Indie giant talks slate and strategy as it predicts bounce-back year.
Indie distribution giant eOne UK has broken a number of records since launching seven years ago. The outfit anticipates breaking another in 2016.
Speaking to Screen ahead of the company’s 2016 slate presentation at Picturehouse Central in London (Dec 2), eOne Films UK managing director Alex Hamilton predicts big things for the company next year.
“I’m convinced that 2016 will be our biggest ever year as a UK company,” said Hamilton boldly. “I’m always saying we need to have top-quality content and with the best will, some years your top-quality content will be better than others. But next year our line-up is the strongest it’s ever been.”
Fuelled in its early years by the success of the Twilight franchise, but more recently turning the likes of 12 Years A Slave and Mr. Turner into significant UK hits, eOne Films UK has grossed more than half a billion pounds at the UK and Irish box office - putting them ahead of any other UK indie over the same period by a significant margin.
For three years in a row between 2012-14 eOne was the UK’s highest-grossing independent distributor. Last year the company raked in $138.3m (£90.8m) for a market share of 8.01%.
By its own standards, however, 2015 has been a down year. Box office and market share are set to fall.
“2015 was for us a holding year,” Hamilton told Screen. “We had an okay year. We lacked that big hit that we’ve had in previous years. We had a couple of disappointments.
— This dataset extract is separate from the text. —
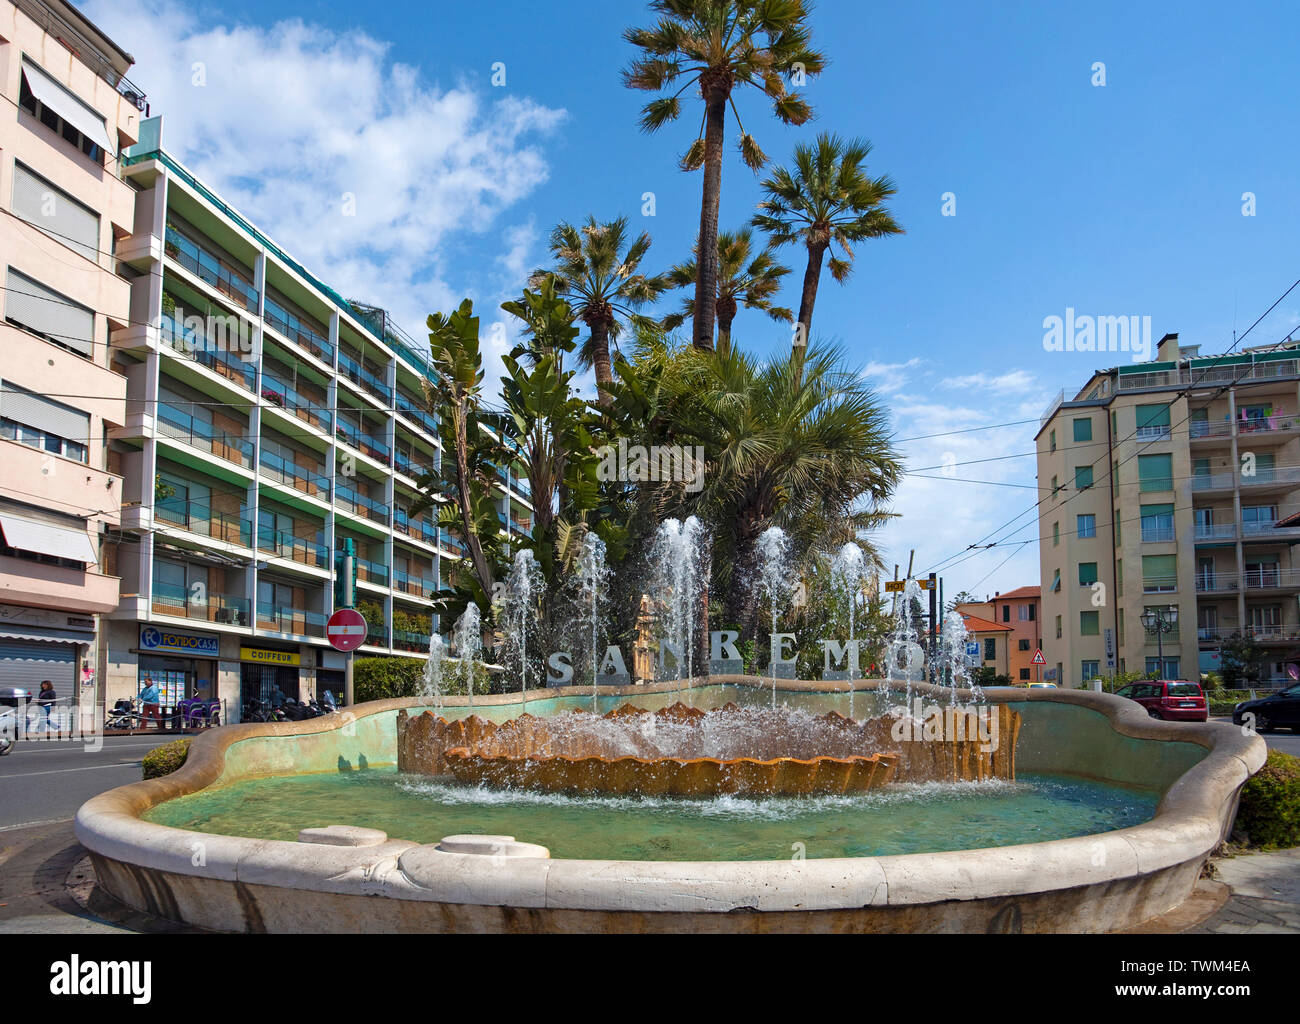 Fountain with letters San Remo, street in San Remo, harbour town at the ligurian coast, Liguria, Italy Stock Photo

But it’s still a solid box office performance.”
Hits this year have included The Divergent Series: Insurgent ($12m), The Woman In Black: Angel Of Death ($7.5m) and Insidious Chapter 3 ($6.1m). While Mr. Holmes did respectable arthouse business ($4m), the company endured a few under-performers, including No Escape, Russell Crowe’s directing debut The Water Diviner and UK production Miss You Already.
This year, the company has also finally worked through the fulsome slate of titles it inherited with its 2013 acquisition of Momentum Pictures.
Hamilton also chalked this year’s fall down to volume, with the company releasing fewer films and shifting some releases into 2016.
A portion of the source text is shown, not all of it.